Inter Pares’ current involvement in coalition work with the Future Planning Initiative (FPI) has its roots in the early Inter Pares coalition efforts to ensure our own government rolled out feminist SRHR policies. The FPI was critical in ensuring a ten-year commitment by the Government of Canada in 2019 to spend $1.4 billion annually on women and children’s health, with half of that amount exclusively targeting SRHR. 

Rita Morbia who has worked on SRHR at Inter Pares and is a member of the FPI says, “Coalition work is the beating heart of Inter Pares – a powerful way to amplify and connect seemingly disparate voices to reach feminist objectives.”
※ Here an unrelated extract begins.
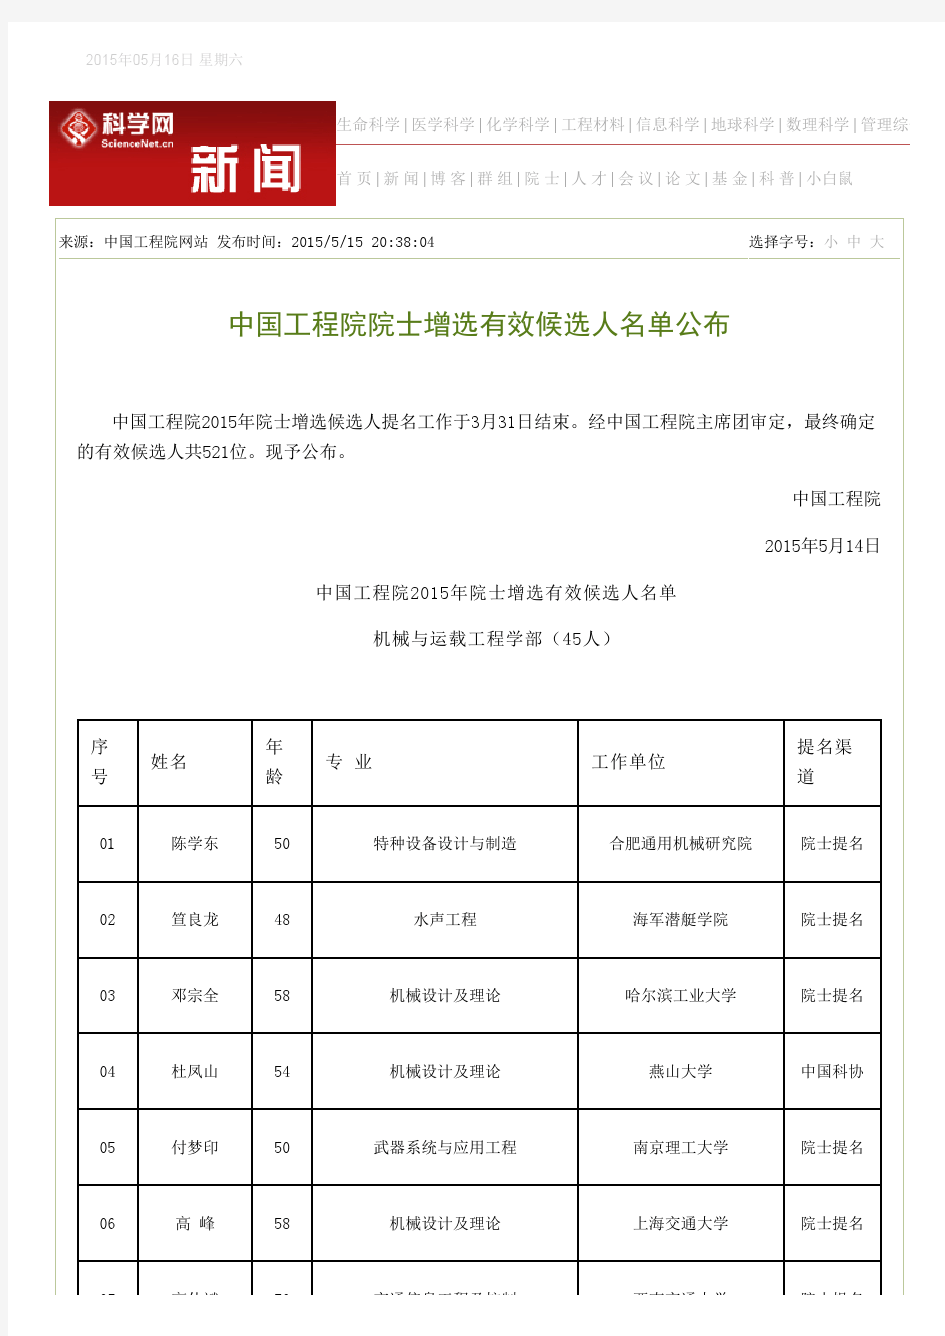 中国工程院院士增选有效候选人名单

Issues of SRHR hold so much stigma and are so often weaponized to further regressive and autocratic political ideologies. An important tactic throughout Inter Pares’ history to build feminist solidarity, while also sharing knowledge has been learning exchanges. Nathalia Santos Ocasio, who recently joined Inter Pares as Latin America program manager and participated in a public engagement tour in the Canadian Maritimes in late 2024 with counterparts from Bangladesh, the Philippines and El Salvador, highlights the continuing value of South-North knowledge exchanges as a key praxis of reciprocity that will help us carry on SRHR work into the future. “As threats to reproductive rights and bodily autonomy are magnified within the current political landscape, cross-geographic dialogue with counterparts helps us develop strong strategies to challenge societal norms and structural injustices exposing queer people and marginalized women in Canada and around the world to injustices, violence and premature death.” 

Continuing onwards

With the energy and dynamism that each new generation brings to Inter Pares, we are determined to build on our 50-year legacy of activism around bodily autonomy. We will learn from the past, aspire to meet the present moment, and boldly aim to co-create an inclusive future. Together with courageous counterparts, committed supporters and persistent allies, we will keep finding ways to support the people and movements leading the fight for bodily autonomy—just as we always have.

While the injustices we tackle evolve and change, the way we work hasn’t. Inter Pares maintains a consistency in the tools and methodologies deployed to reach our SRHR goals.